Fig. 3 — Marked intestinal differentiation in gastric mucosa with AIG. a Tissue enrichment analysis using top 50 upregulated genes in gastric mucosa with AIG and HPG. AIG showed higher enrichment of genes specific to the duodenum and the small intestine compared with HPG. b Unsupervised hierarchical cluster analysis using gene expression levels of small intestine-specific and stomach-specific genes among the AIG (n = 14), HPG (n = 13), and normal samples (n = 9). The AIG samples were clearly separated from the normal samples using small intestine and stomach-specific genes, while a fraction of the HPG samples were grouped with the normal samples. c Immunostaining of MUC2 and MUC5AC using gastric mucosa with AIG. Scale bar: 100 μm. d Unsupervised hierarchical cluster analysis using gene expression levels of CDX signature genes, along with *CDX2/1* expression (cutoff signal intensity = 25). The AIG and HPG samples were clearly separated from the normal samples and were further separated into the AIG-enriched cluster and the HPG-enriched cluster. Moreover, all the AIG samples expressed *CDX2*/1, while the *CDX*-negative HPG samples showed a unique cluster

Caudal-type homeobox (CDX) 2 and CDX1 are master regulator genes for intestinal differentiation [17, 18] and are thought to complement each other [19]. All AIG samples and a half of HPG samples showed high expression levels of CDX2/1 (Fig. 3d). To examine whether CDX2/1 plays a potential role in AIG-induced transcriptional changes, the gene expression data of AIG, HPG, and normal mucosa were evaluated according to the expression levels of CDX signature genes, which were characterized as the genes affected in gastric cancer cells stably transfected with CDX [20]. The AIG and HPG samples were clearly separated from the normal samples and were further separated into the AIG-enriched cluster and the HPG-enriched cluster (Fig. 3d). Moreover, all AIG samples expressed CDX2/1, whereas the CDX-negative (signal intensity < 25) HPG samples showed a unique cluster. These data indicate that intestinal trans-differentiation may occur in a CDX-dependent manner.

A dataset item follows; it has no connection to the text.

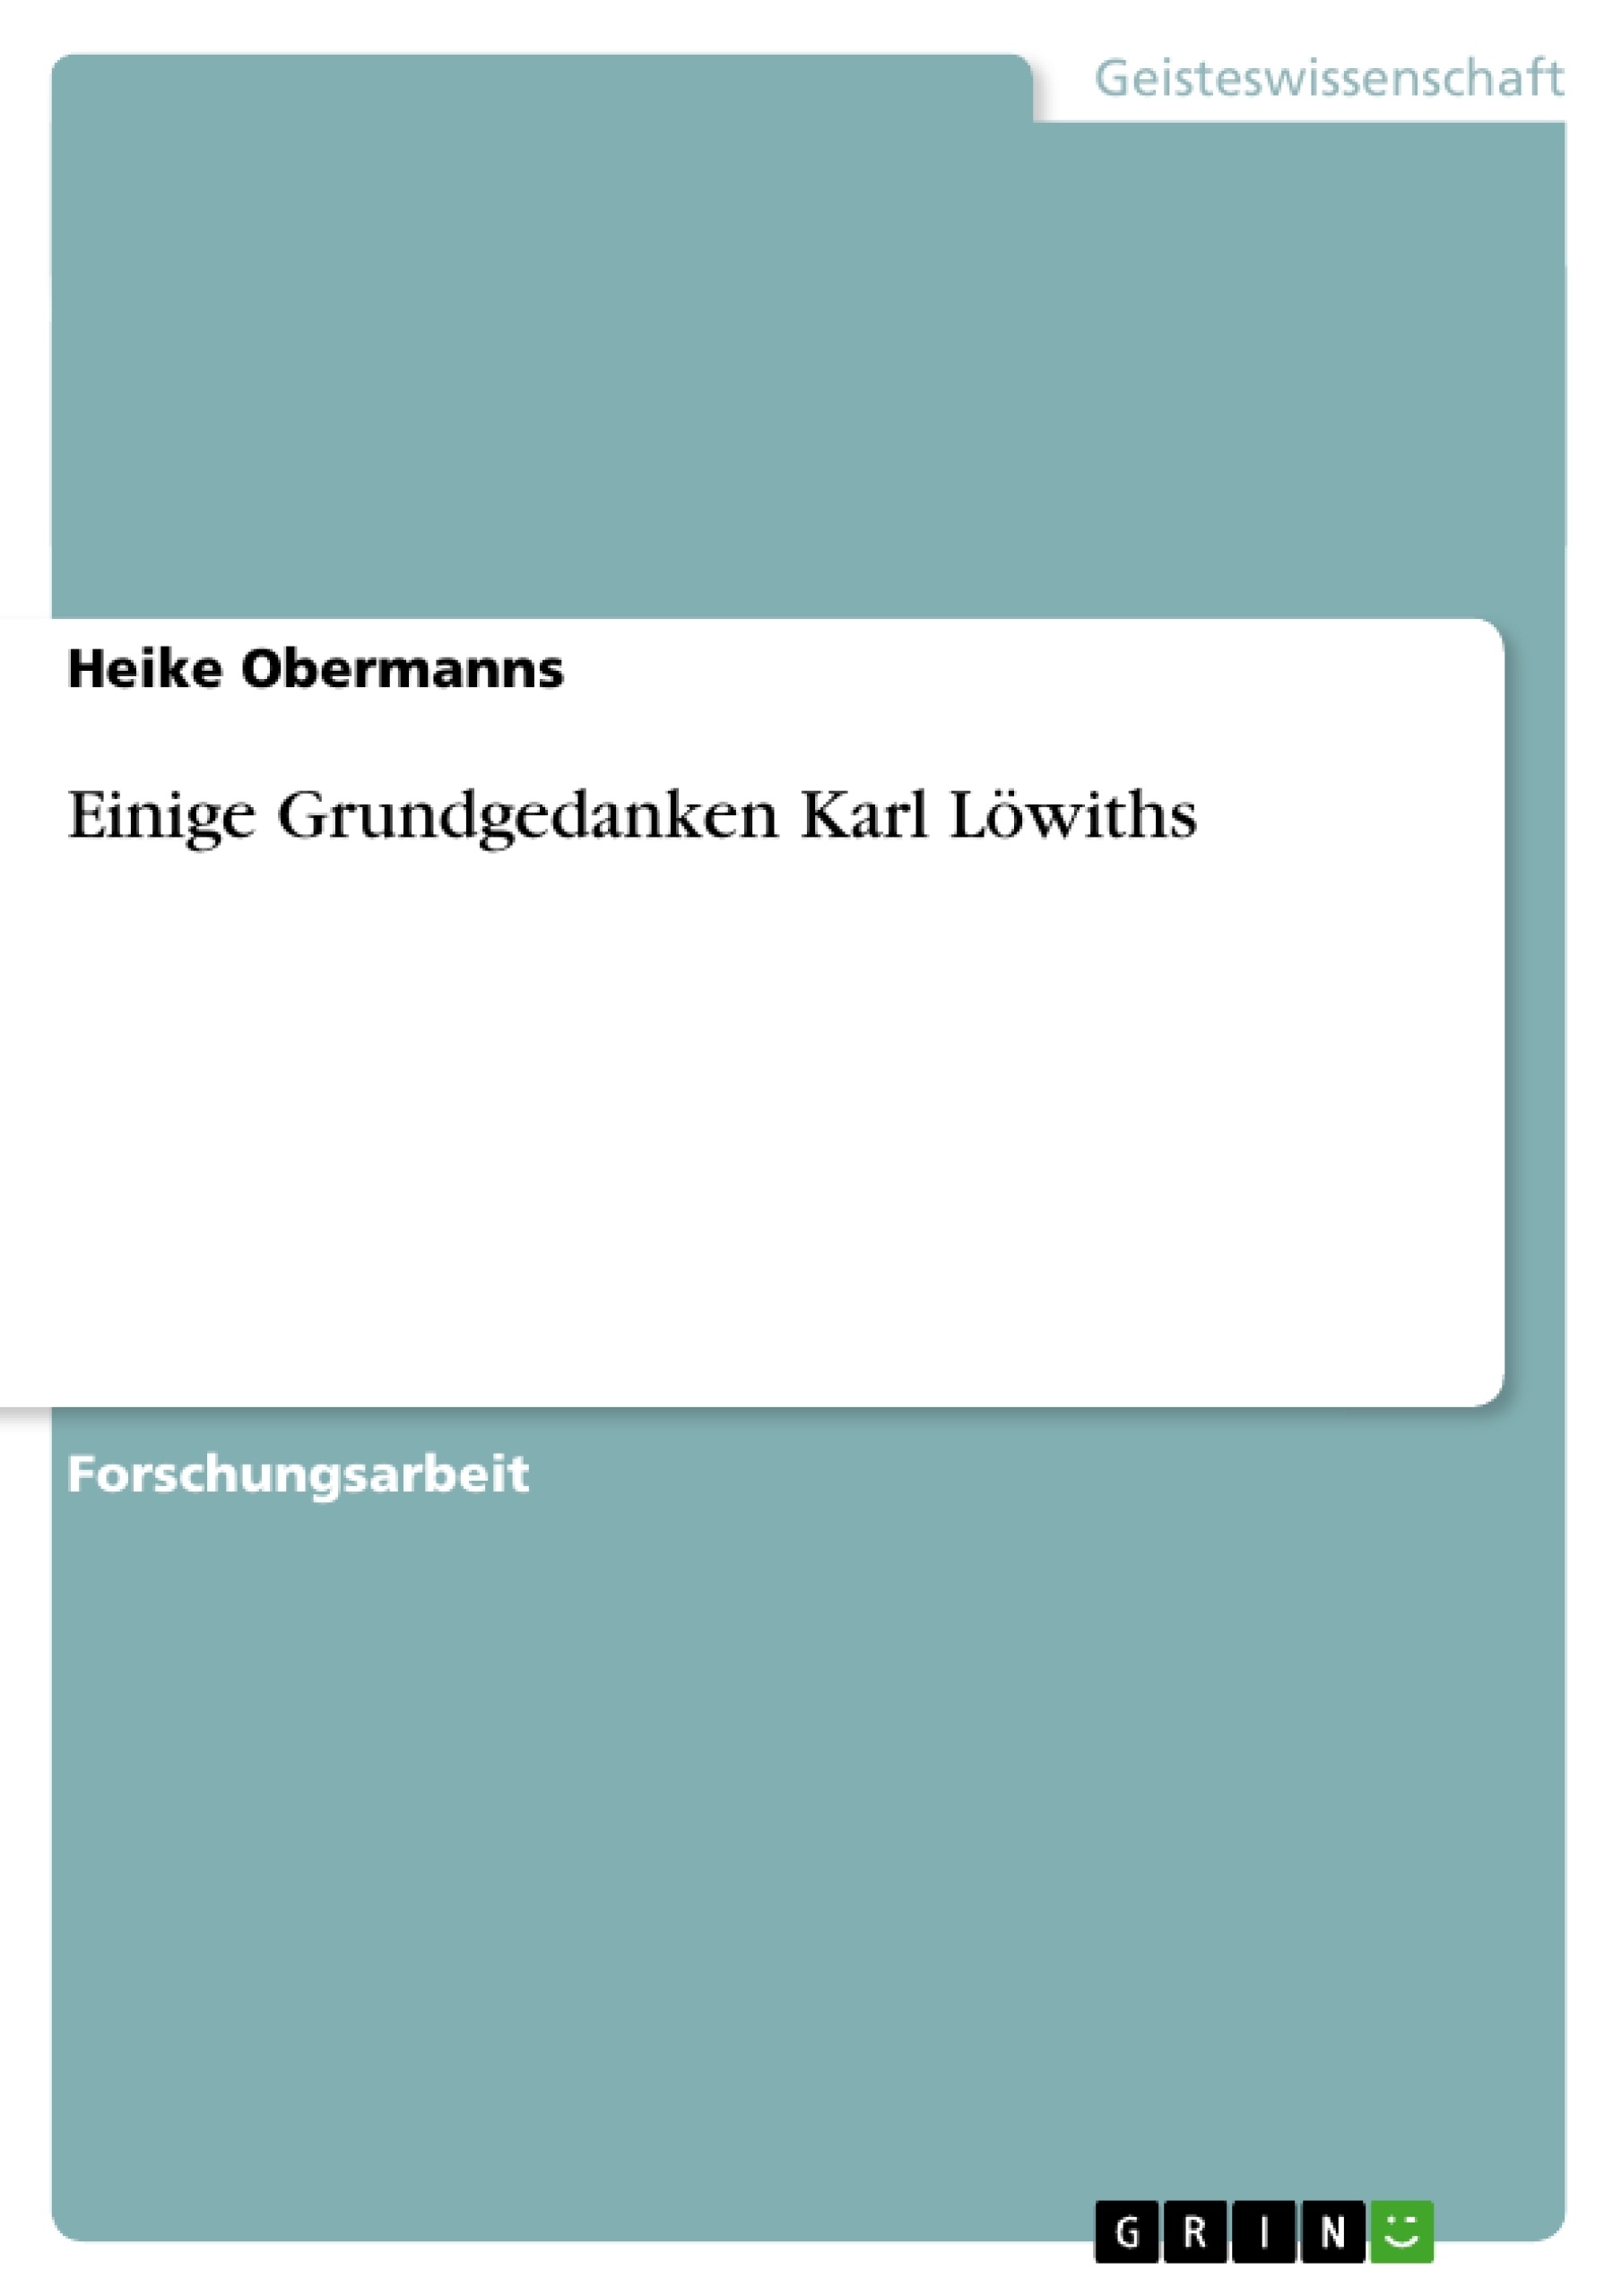 Título: Einige Grundgedanken Karl Löwiths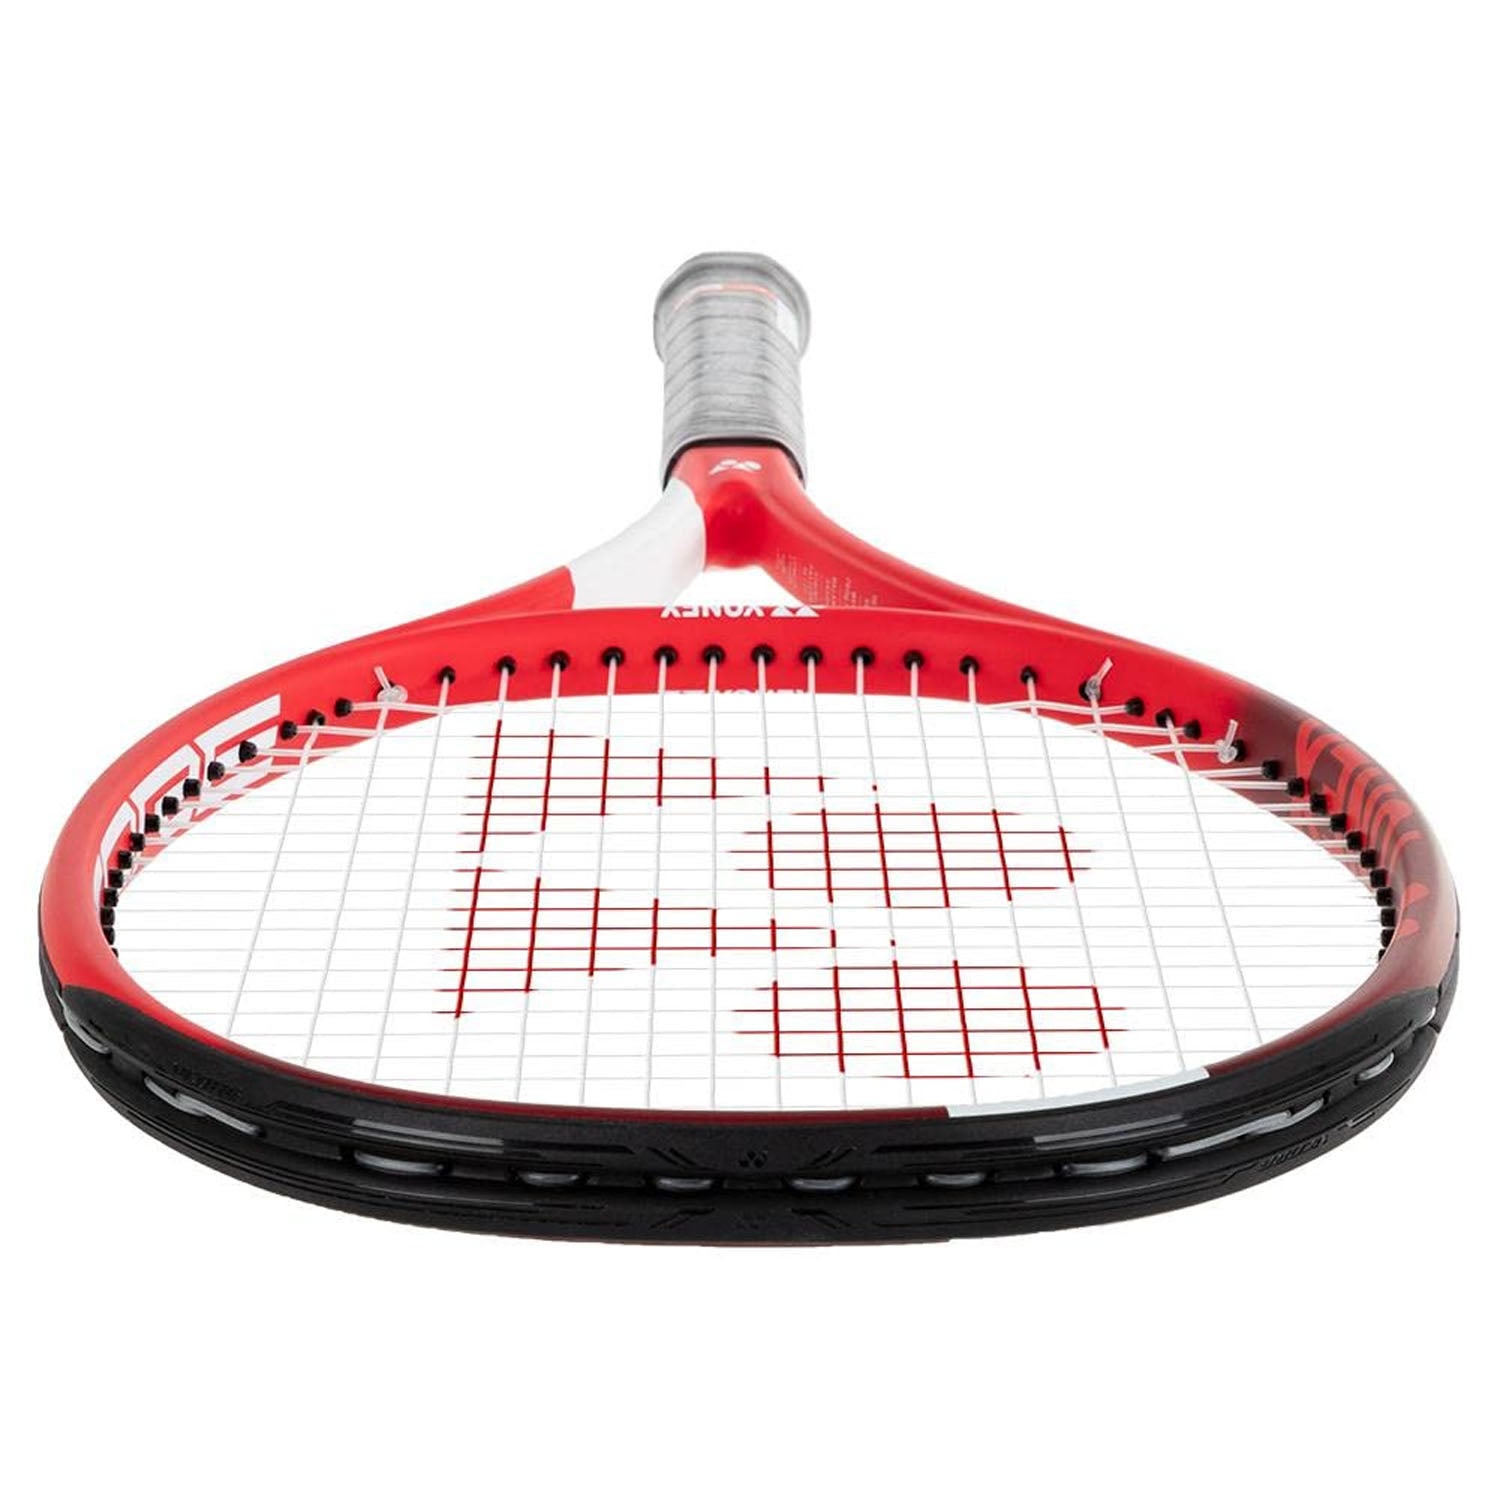 Yonex VCore ACE Tennis Racquet - Best Price online Prokicksports.com

Gastric mucosa with AIG showed trans-differentiation into pancreas and lung

Next, we identified the top 25 upregulated genes specific to the mucosa with AIG (Fig. 4a, left), which showed low expression levels in the normal and HPG samples (average signal intensity < 25) and minimal expression changes between the normal and HPG samples (< twofold change) (Table S10). Notably, AIG-specific genes include pancreatic digestion-related genes, pancreatic triacylglycerol lipase (PNLIP) [21], carboxyl ester lipase (CEL) [22], and chymotrypsin B1/C (CTRB1 and CTRC) [23]. In addition, a master regulator gene of the lung, NK2 homeobox 1/thyroid transcription factor 1 (NKX2-1/TTF1) [24], and alveolar fluid secretion-related genes, surfactant proteins B and C (SFTPB and SFTPC) [25], were included. Furthermore, the protein–protein interaction (PPI) network analysis using AIG-specific genes showed enrichment of gene sets related to digestion and alveolar lamellar bodies (Fig. 4a, right). A fraction of AIG samples actually expressed these genes (Figs. S3 and S4) and were clearly separated from the other samples (Fig. 4b) using the pancreas- and lung-specific genes (Tables S11 and S12). We also confirmed these ectopic gene expressions (Figs. S5 and S6) by RT-PCR on an additional sample set (Table S1).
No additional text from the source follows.